Them Or Us

Released: October 1984


  1. The Closer You Are
  2. In France
  3. Ya Hozna
  4. Sharleena
  5. Sinister Footwear II
  6. Truck Driver Divorce
  7. Stevie’s Spanking
  8. Baby, Take Your Teeth Out
  9. Marque-son’s Chicken
  10. Planet Of My Dreams
  11. Be In My Video
  12. Them Or Us
  13. Frogs With Dirty Little Lips
  14. Whipping Post

Frank Zappa (guitar & vocals), Ray White, Ike Willis, Napoleon Murphy Brock, George Duke, Bobby Martin, Roy Estrada (vocals, harmony), Tommy Mars (keyboards), Arthur Barrow (bass), Chad Wackerman (drums), Scott Thunes (bass), Ed Mann (percussion), Steve Vai (guitar), Ray White (rhythm guitar), Bobby Martin (harmonica), Dweezil Zappa (guitar solo on “Sharleena”), Patrick O’Hearn (bass on “Planet Of My Dreams”), Thana Harris (harmony on “Planet Of My Dreams”), George Duke (piano on “Planet Of My Dreams”)

7 thoughts on “Them Or Us”

  1. The vinyl had a full warm sound but the cd sounds shrill. There are some great performances on this album, which appears to be another compilation of studio and live material recorded over a two year period.
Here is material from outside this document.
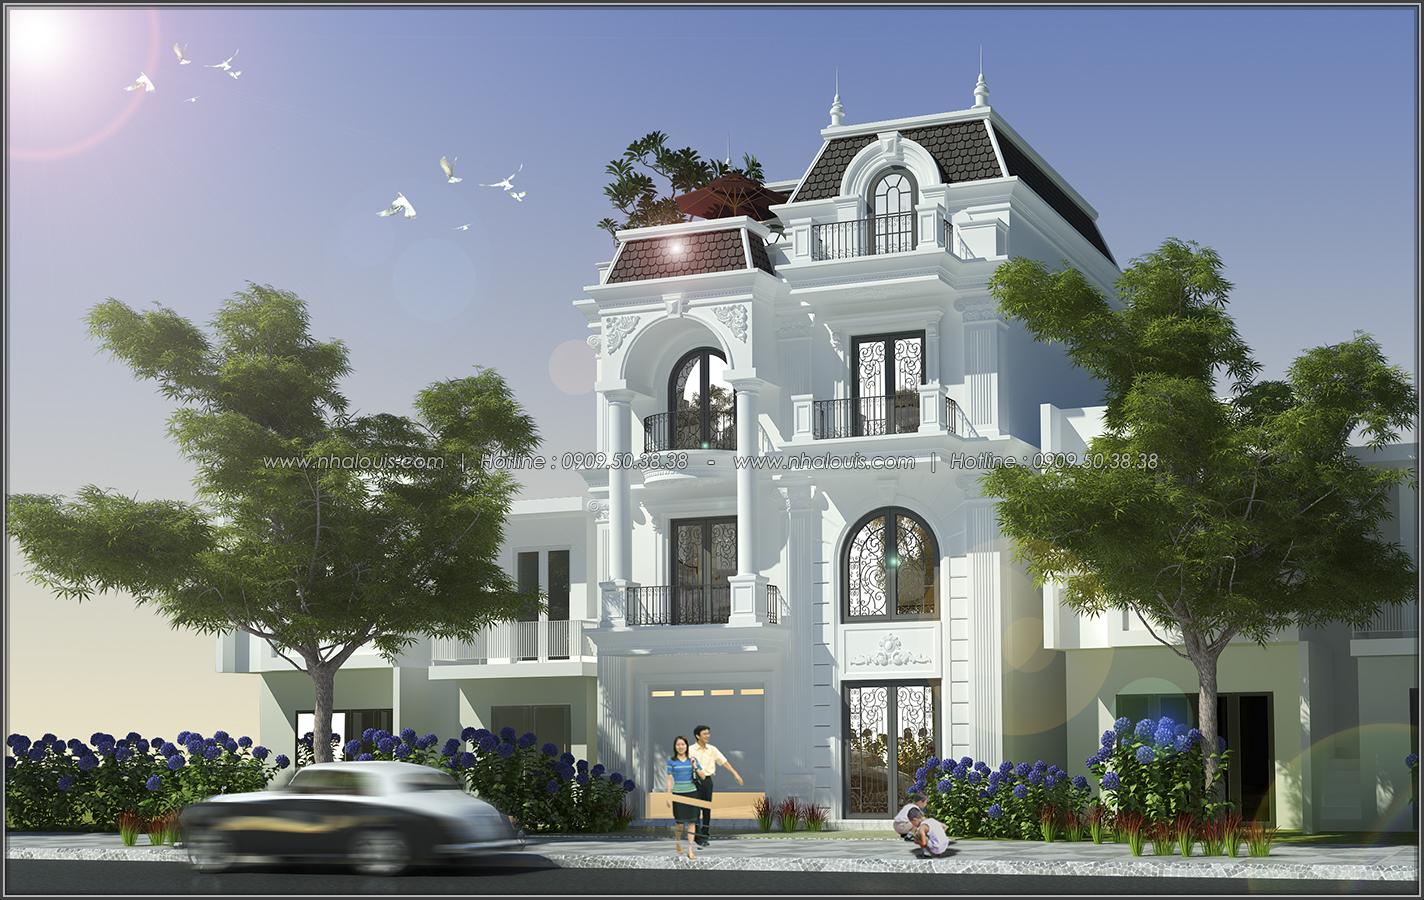 Thiết kế biệt thự tân cổ điển tại Đồng Nai đẹp rạng ngời phố thị - 02

  2. This was the very first Zappa album i bought, I think i was about 11 or 12 at the time, and hearing the music on this cd completely blew my mind!!! From then on i was obsessed!!
    My favourites to this day are The Closer You Are, Sharleena, Truck Driver Divorce,Sinister Footwear II, Marque-son’s Chicken and Them Or Us
    Not Zappa’s best album by a long shot, but it still holds a special place in my heart

  3. Like the above review this also was my first Zappa experience. I borrowed it from the local library when I was 12. I knew nothing of Zappa but thought it must be good if it has Steve Vai on it. I was just starting out on the guitar and he was a hero of mine. At first listen I was a little unsure of the whole thing. Sure the Vai stuff was great and Dweezil’s solo on Sharleena was the fastest thing I’d ever heard. However Zappa’s guitar solos seemed very strange and haphazard. The crooning vocal style on Truck Driver was too weird for me. For me, the high point was Whipping Post. This would have been around 1985. Fast-forward to 1991 when I got my first cd player, this was one of the first cds I bought. I still thought it strange and quickly sold it. I just was not a Zappa fan. Then when I was in college a roommate of mine introduced me to Hot Rats and I became hooked. I have since come to love Them or Us and it’s strangeness. It wasn’t until later that I found out he would cut solos out of live tracks and paste then on to studio creations. How cool. It all started to make sense. This man did not think of himself so much as a guitar player but as a master composer. How true!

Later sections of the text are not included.